Ainsi donc, ils ont osé se lancer dans cette aventure, noter son médecin sur Internet. Il est évident qu’Internet permet la transgression d’une règle qui voulait jusqu’ici que le respect dû au médecin interdise de porter un jugement public sur la perception que le malade avait de ses compétences.
Ceci dit, la reconnaissance du droit des malades, si difficilement acquise, permet de faire valoir le point de vue de la personne malade. Sortir de la relation infantilisante qui caractérise encore trop souvent la relation médecin malade ne nous fâchera pas. Nous sommes même persuadés que c’est une chance pour la médecine de pouvoir nourrir sa pratique de l’expertise des personnes malades.
Mais noter son médecin est chose ambiguë. Si l’on n’est pas content on peut le juger sévèrement, mais c’est la traduction d’un point de vue subjectif. Puis il y aura le jugement inverse de celui qui trouve ce même praticien excellent. La liberté de choix de son médecin permet de choisir, pour la médecine générale, un médecin avec lequel on s’entend bien. Certes, la difficulté d’accès aux soins diminue dangereusement cette liberté et la médecine spécialisée assume une lourde responsabilité en limitant l’accès à certains médecins par la pratique des dépassements d’honoraires.
Le corps professionnel des médecins et sa presse spécialisée s’offusquent de cette initiative de notation de son médecin, comme si cette dérive affligeante, permise par Internet, risquait de conduire à une « inquisition ». Cela ressemble de plus en plus à l’arroseur arrosé. La médecine officielle, celle des institutions qui en définissent le contenu, défend l’évaluation, comme une règle d’or de la qualité des soins. La frénésie des recommandations, des référentiels, des conduites à tenir, des consensus, des avis d’experts conduit à tout normaliser. Il faut rendre compte de la manière dont on va suivre non pas tel ou tel malade mais la maladie que celui-ci endure. Il faut décortiquer chaque attitude pour analyser, au regard de la rentabilité et du respect de ces règles de bonnes conduites, le comportement du médecin, en faisant fi de la relation humaine, justement celle qui ne peut pas se décliner dans les référentiels.

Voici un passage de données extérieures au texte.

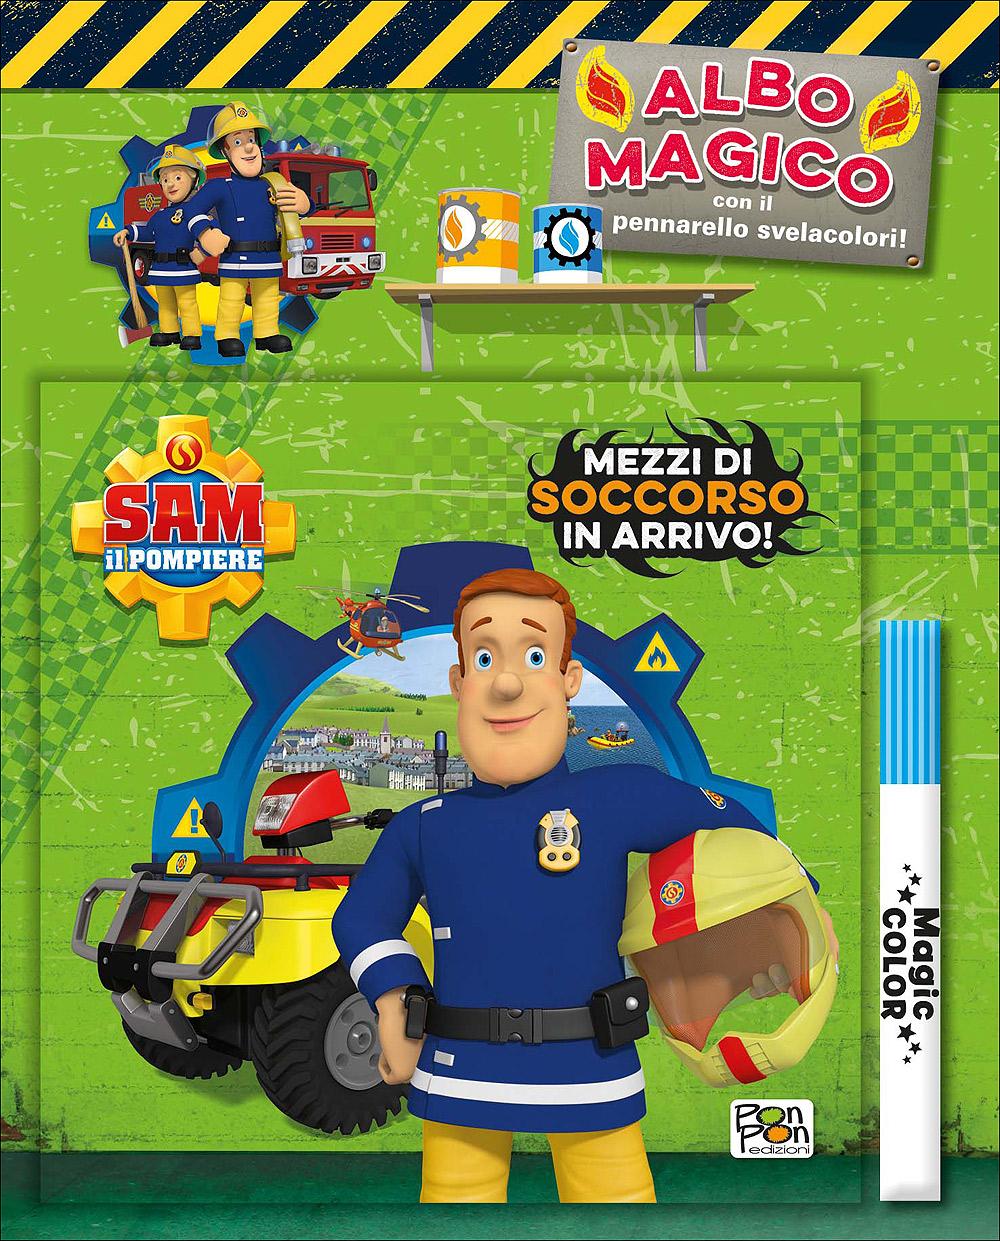 Albo Magico Sam il Pompiere - Mezzi di soccorso in arrivo!

Nous sommes ainsi entraînés dans la spirale du tout normatif. Il est alors logique, qu’au regard de cette dérive, certains pensent que cela permette de noter objectivement un professionnel du soin. L’évaluation des pratiques professionnelles rendue obligatoire ne conduit-elle pas à ce genre de dérive ?
Si la notation des médecins sur Internet est une aberration, l’évolution de la médecine qui se déshumanise n’a pas fini d’avoir affaire à ce type d’initiative.